Did he take me seriously?” Olivia Nuzzi wonders in the midst of her infamous affair with Robert F Kennedy Jr. Nuzzi, then Washington correspondent for New York magazine, has just learned that she and the Politician, as she calls RFK in her new book, may overlap during a visit to Mar-a-Lago. Nuzzi, worried Donald Trump will catch on to the relationship and start spreading rumours, convenes an emergency meeting with the Politician to strategise. RFK doesn’t see the big deal.
So, she agonises “Did he take me seriously?” and reflects that she had “little cause to consider the question before now.”
But once the question did cross Nuzzi’s mind, it imprinted itself on to her psyche. American Canto is part-memoir, part-political analysis. But it is, above all else, a plea by Nuzzi to be taken seriously; as a writer, thinker, person. This is not easy in the best of circumstances when, like Nuzzi, you’re a young and conventionally attractive woman. And, of course, it is even more difficult when, like Nuzzi, you’re a female journalist who made headlines for engaging in an inappropriate relationship with a famous subject. (Or, considering the accusations recently level by Nuzzi’s former fiance, Ryan Lizza, subjects.)

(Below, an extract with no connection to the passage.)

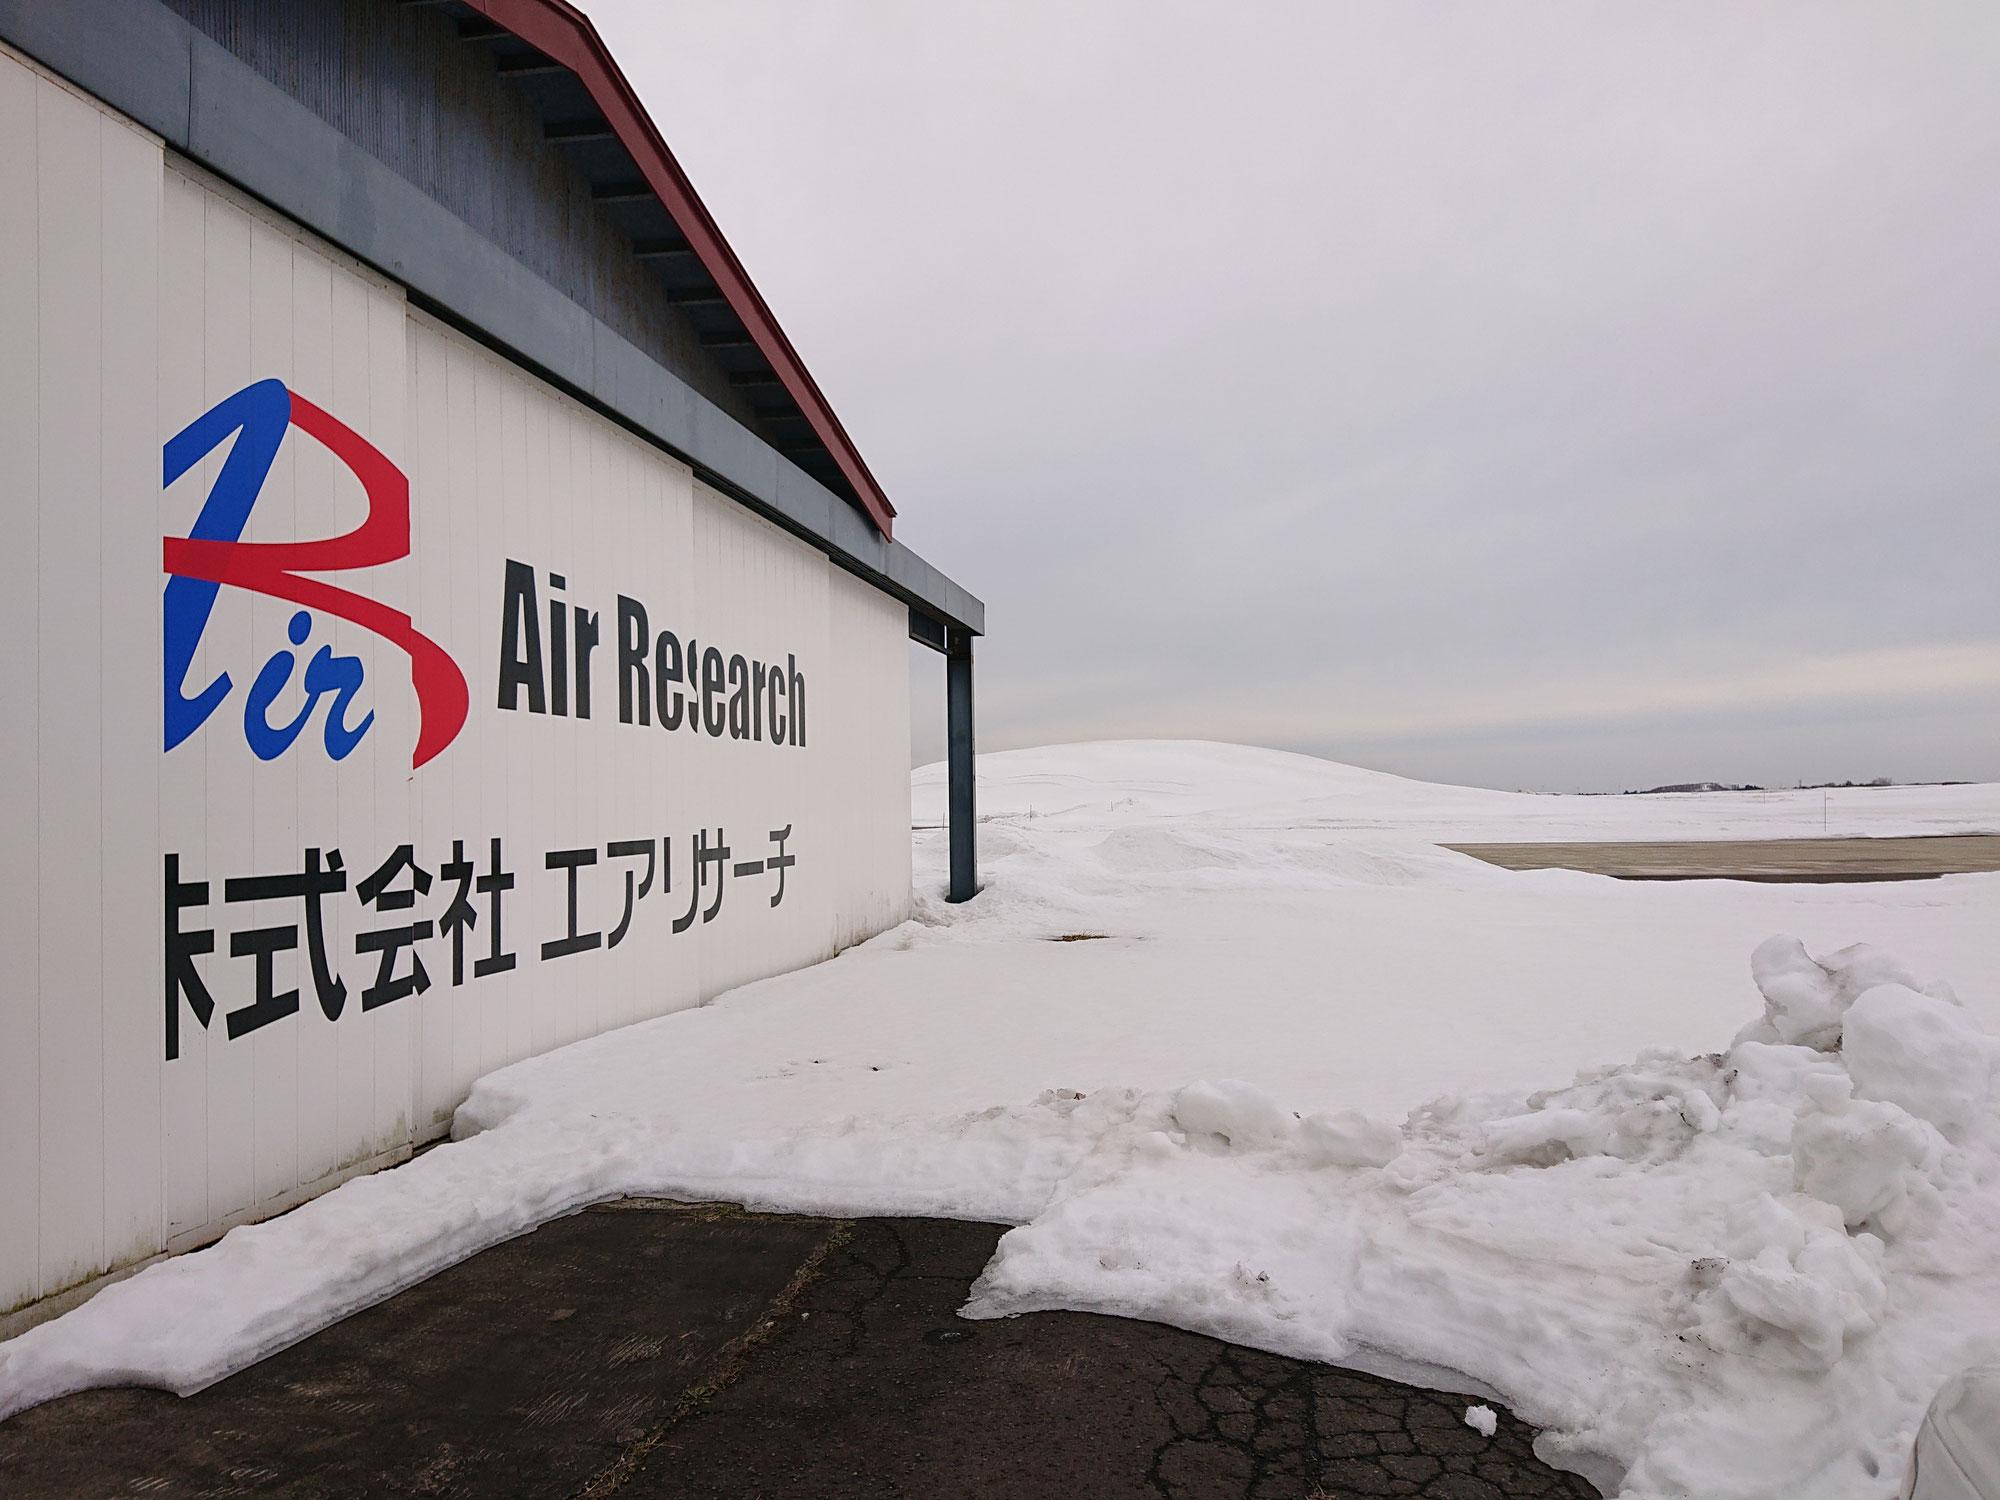 冬の秋田空港

Nuzzi’s looks: the doors they might open, the preconceptions they engender – as well as the misogynistic system they operate within – are a recurring motif in American Canto, albeit one that is frustratingly underexplored. During her first meeting with Trump, she recounts, he looks her up and down and proclaims: “Very young and very beautiful.” Later on, her reporting irritates the president and he publicly insults Nuzzi, calling her “shaky and unattractive.” She is thrown by this, writing how strange she felt it “that the president of the United States had called me both beautiful and unattractive”.
Then, at an exclusive DC party, Nuzzi stands in the kitchen with New York Times columnist Maureen Dowd, a woman namechecked perhaps because the US does take her seriously, and is accosted by an unidentified female movie star who grabs Nuzzi’s face. “‘Olivia, the secret to life is to be rapeable,’ she told me. ‘You are rapeable.’” She leaves that jarring anecdote to hang there, unexamined.
When, in September 2024, Nuzzi’s affair with the Politician is revealed, the star reporter, a person it’s hard to imagine as naive, seems shocked at how it plays out. “The Politician had orchestrated a narrative in which I was not just reduced to my sexuality but into a hyper-sexualized honeypot,” she writes. Most upsetting, Nuzzi says, are blind quotes suggesting she had used her “appearance as a tool for manipulation while performing my work. Of the lies told about me, this was among the hardest to take.”
Nuzzi is right to be angry about the double standards applied to her; the way she was raked over the coals while a far older, far more powerful man coasted away from the scandal into a plum cabinet position. But American Canto would have been a better book if Nuzzi had interrogated her own behaviour. Instead, she glosses over it. “The Politician had been, briefly, my subject,” she admits. But, she argues, “[h]e had not been my source”. She seems to see no impropriety on her part; she’s just angry her privacy was violated.
Nuzzi is angry, too, at entreaties to dish the dirt that the public (and, one imagines, her publisher) so desperately want. “I thought of that phrase, Tell all, often … Tell what, exactly? Tell why, exactly?” she fumes. Well, one reason, I suppose, might be to sell some books. Tell-alls, the ones that actually tell, tend to sell.
There is not much telling in American Canto, however; or not of anything anyone wants to hear about, anyway. For the first 116 pages, Nuzzi, who, after losing her job at New York magazine has self-exiled to California, barely mentions the Politician. Instead, she writes about Madeleine Ruthven, a screenwriter in the silent era, “hauled before Congress in the McCarthy hearings”, and then, in the next paragraph, about the North American tectonic plate triumphing over the Farallon tectonic plate “one hundred million years ago, give or take”. On the next page a quote from Nietzsche. Then an extract from an interview with Trump. And it goes on and on like this: a series of overwritten American Non Sequiturs whose purpose, it would appear, are to demonstrate that Nuzzi is a serious person with serious thoughts on the state of the United States and “consensus reality” (she is very fond of this phrase) who should be taken seriously.
The affair, when it finally comes up, is crept around. We learn little of interest about RFK, a man who, as secretary of health and human services, is systematically destroying decades of medical progress. We are told instead that: “He desired. He desired desiring. He desired being desired. He desired desire itself.” She overintellectualises what is ultimately just a sordid affair. In their intimate moments, for example, the Politician asks Nuzzi for advice and, she says, “I approached his dilemma Socratically.”
While American Canto may suggest otherwise, Nuzzi is not a bad writer. She can paint a vivid scene, pull you into a place. And the places she’s been are important, some of the world’s greatest centres of power. Buried among all the pretension, unnecessary filler and insufferable prose, there are the bones of an excellent book. Perhaps one day, if Nuzzi stops taking herself quite so seriously, we might get to read it.